Fig. 5.. LMPTP inhibition alters the metabolome of adipocytes during differentiation.

(a) PCA (PC1 vs. PC2) obtained from the metabolomic and the fatty acid analyses of 3T3-L1 treated with Compd. 23 or DMSO at days 2, 6, and 10 of the differentiation protocol. (b) Volcano plot comparison of features from metabolomic and fatty acid analyses at day 10. Fold change cutoff, 1.5; q-value (FDR corrected p-value) cutoff, <0.05. (a-b) Data from 5 experimental replicates is shown.

Fig. 6.. LMPTP inhibition reduces glycolysis in adipocytes during differentiation.

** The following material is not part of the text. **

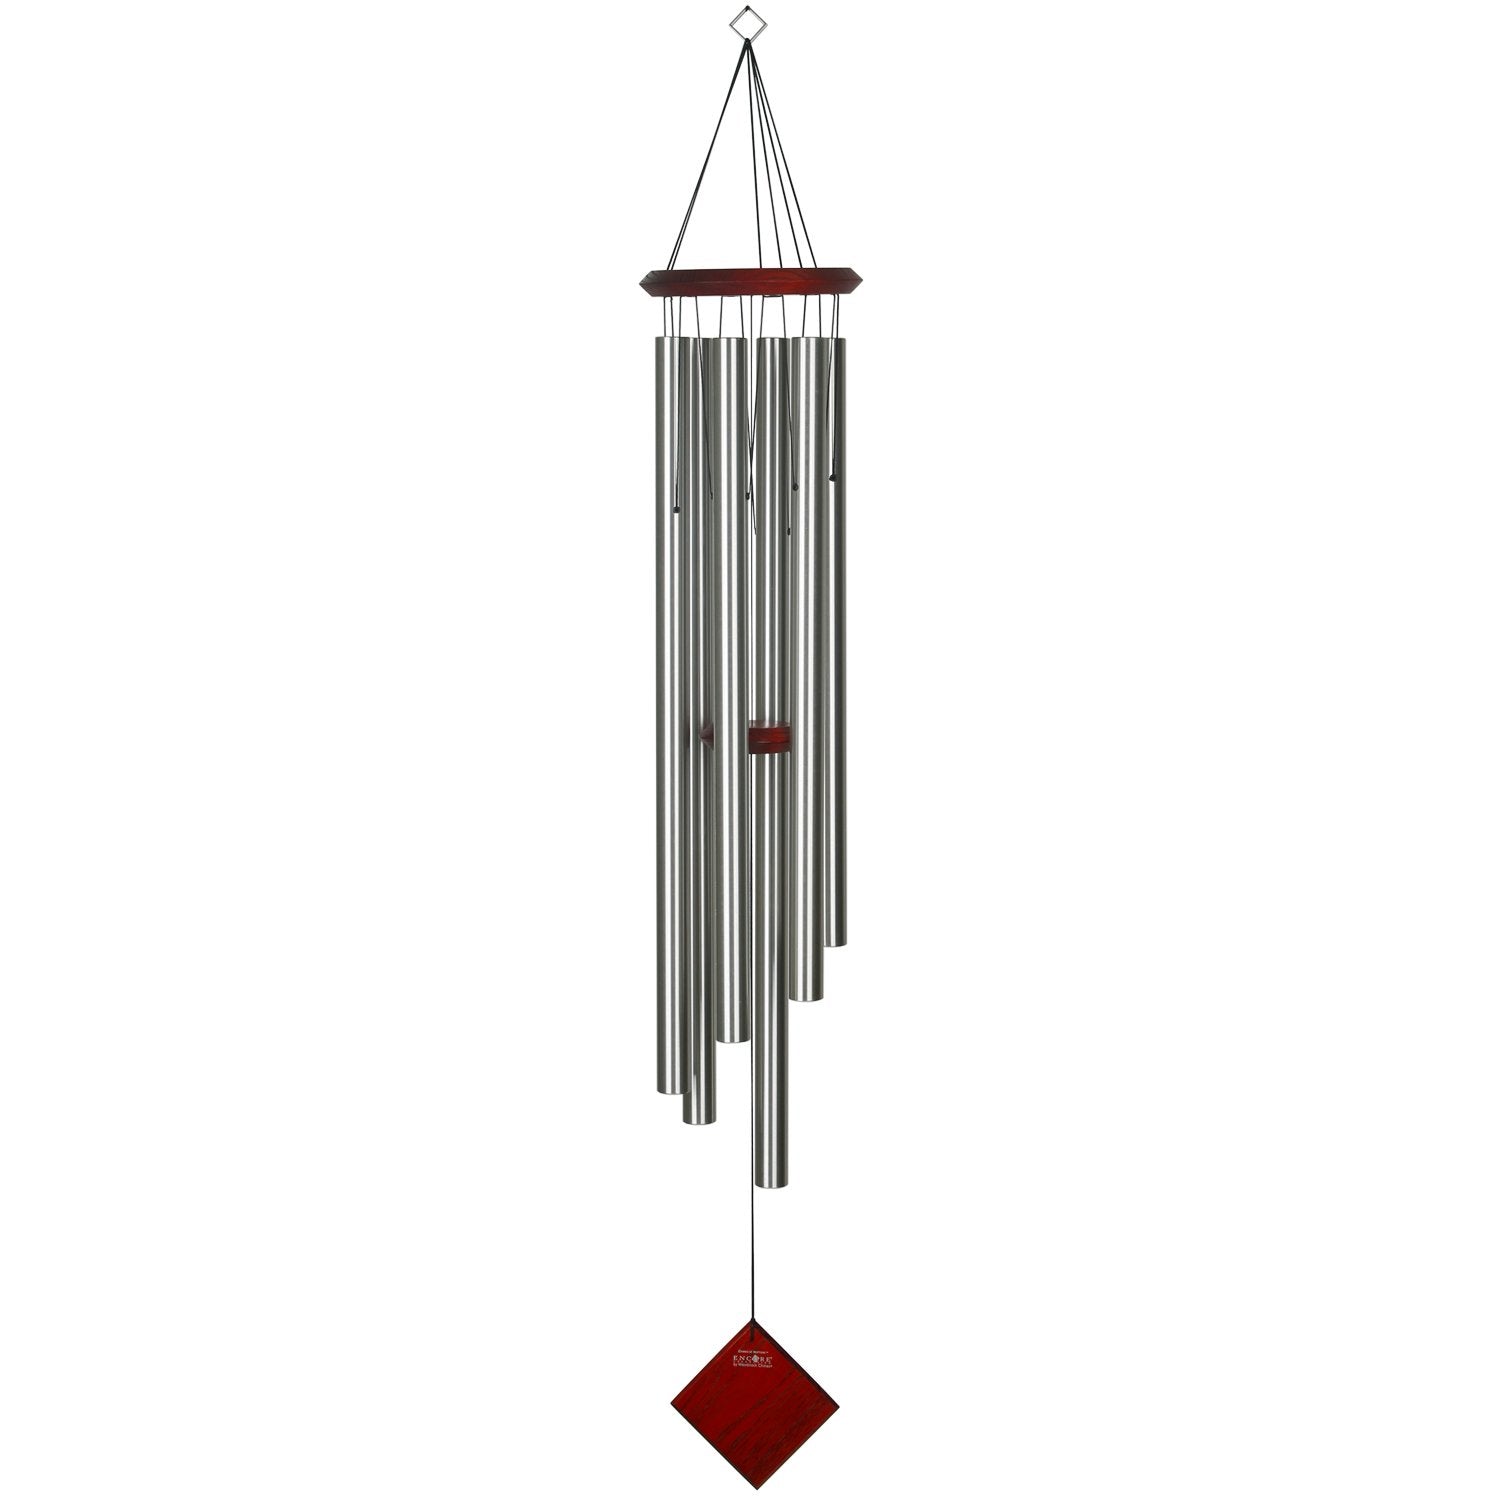 Encore Chimes of Neptune - Silver full product image

(a-b) The cellular metabolome was assessed by HPLC-MS in differentiating 3T3-L1 treated with 10 μM Compd. 23 or DMSO. (a) Intensity of glucose, glycolytic intermediates, and lactate. (b) Intensity of 6-phosphogluconate, NADP+, and NADPH. (c) Hexokinase 2 (HK2) expression was assessed by qPCR in differentiating 3T3-L1 treated with 10 μM Compd. 23 or DMSO. (a, b) Data from 5 experimental replicates is shown. (c) Relative expression from 3 independent experiments following normalization to the housekeeping gene POLR2A is shown. (a-c) Mean±SEM is shown. *, p <0.05: two-way ANOVA interaction effect; ^#, p<0.05: two-way ANOVA treatment effect.

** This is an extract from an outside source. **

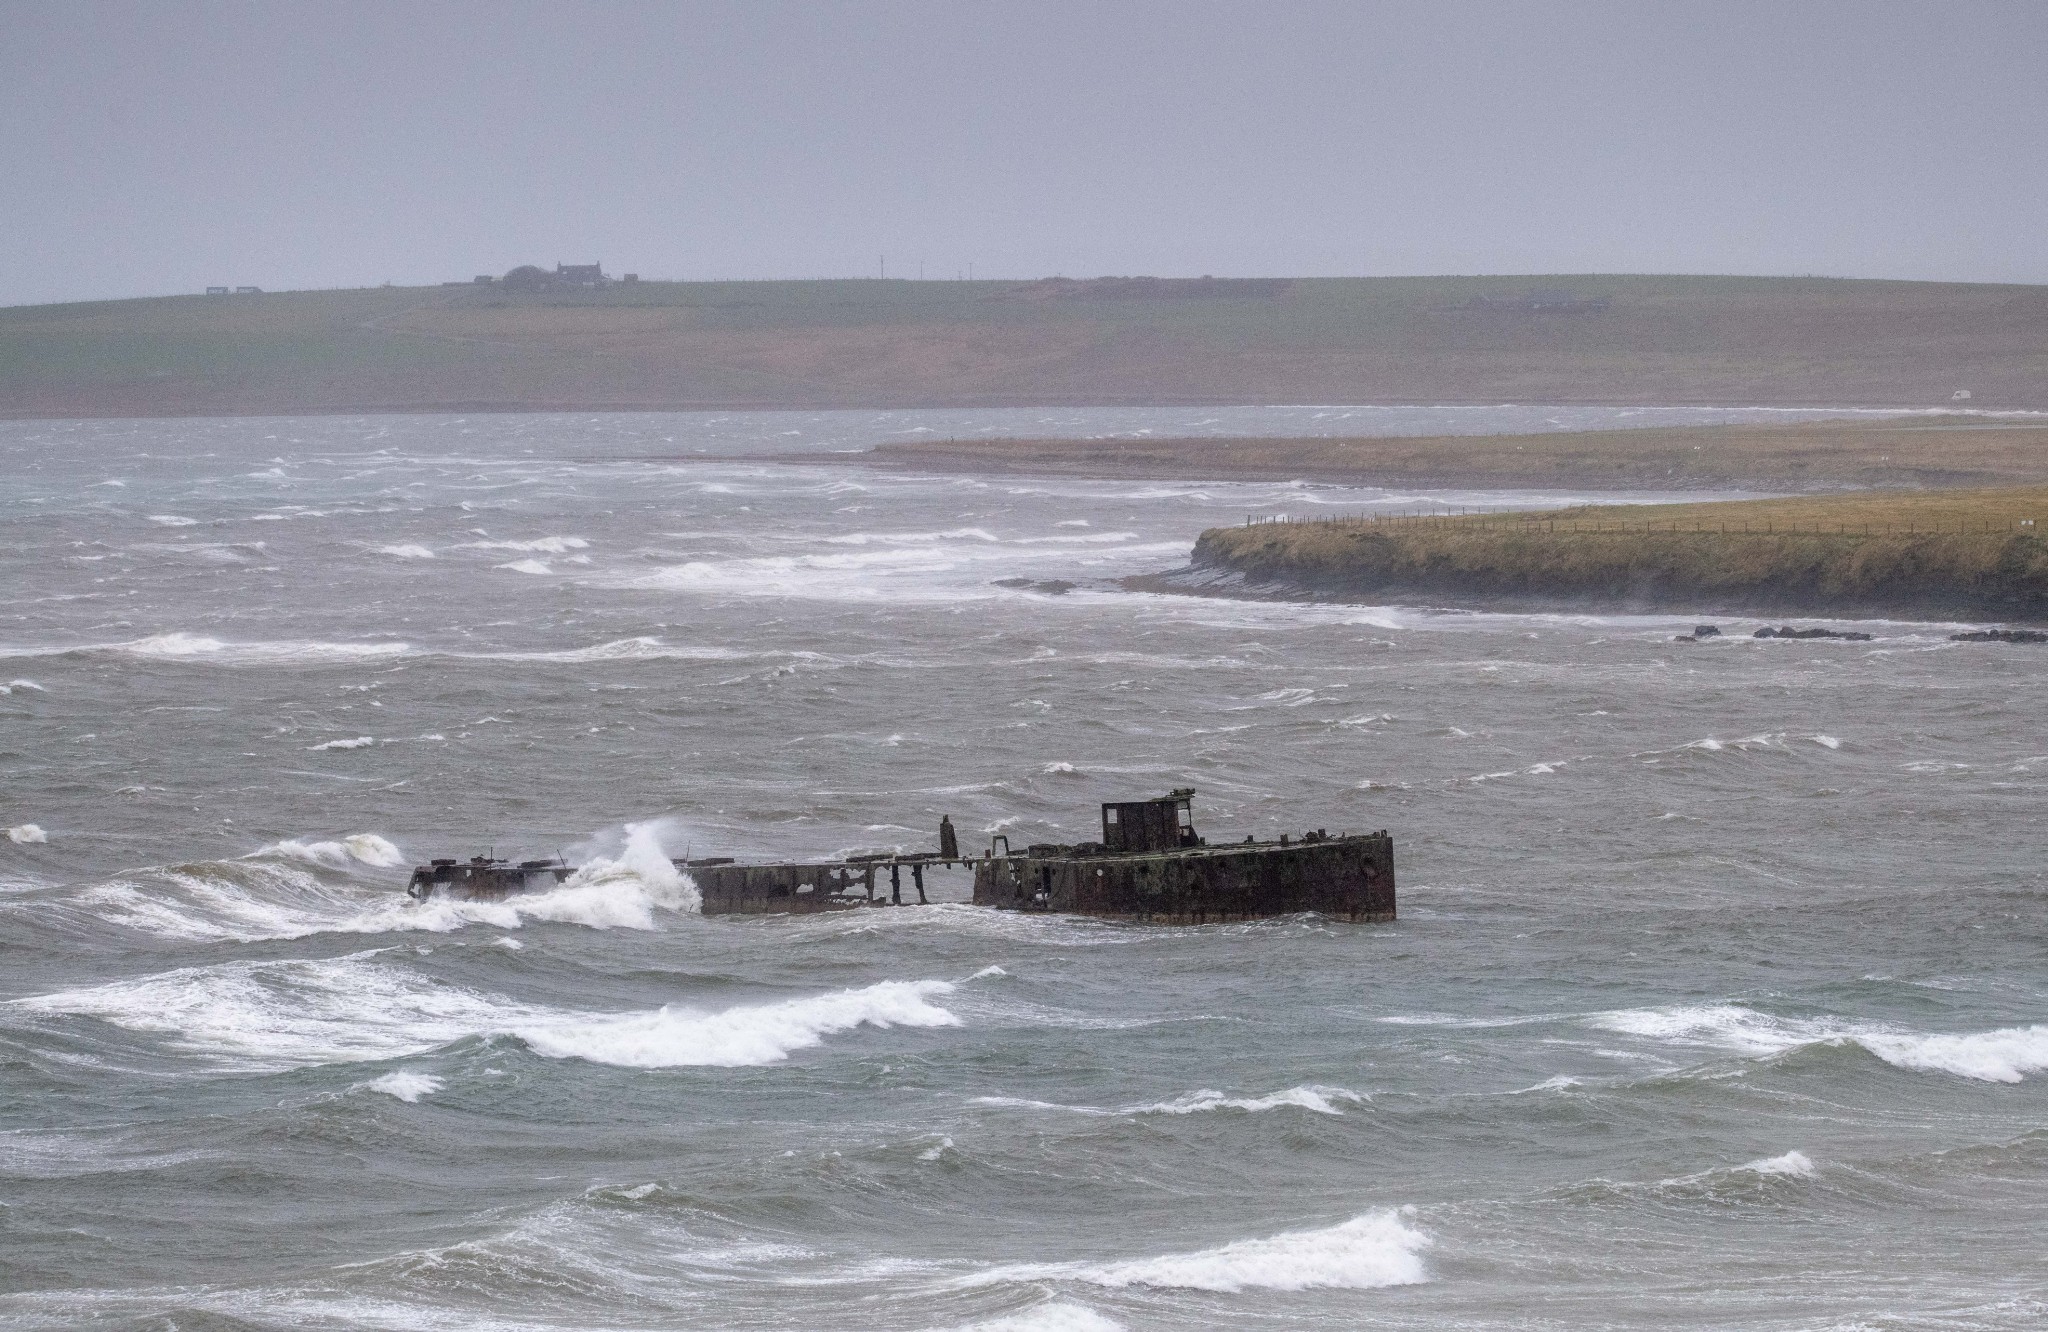 The wreck of the Juanita in Inganess bay, Orkney - image by Raymond Besant

Fig. 7.. LMPTP inhibition enhances mitochondrial electron transport chain activity in adipocytes during differentiation.

The cellular metabolome was assessed by HPLC-MS in differentiating 3T3-L1 treated with 10 μM Compd. 23 or DMSO. (a) Intensity of mitochondrial electron transport chain (mETC) electron carriers. (b) Intensity of tricarboxylic acid cycle (TCA) substrates. (c) Intensity of nucleotides. (a-c) Mean±SEM is shown. Data from 5 experimental replicates is shown. *, p <0.05: two-way ANOVA interaction effect; ^#, p <0.05: two-way ANOVA treatment effect.

Fig. 8.. Proposed role for LMPTP in adipogenesis.

Our model suggests LMPTP dephosphorylates PDGFRα-Y849 in preadipocytes, reducing basal PDGFRα activity and leading to decreased p38/JNK activation. This enhances PPARγ activation by decreasing phosphorylation on inhibitory residue S82. In the dephosphorylated state, PPARγ is free to promote expression of genes associated with the differentiation of 3T3-L1 into mature adipocytes. Additional mechanisms downstream of PDGFRα and/or p38/JNK are also possible.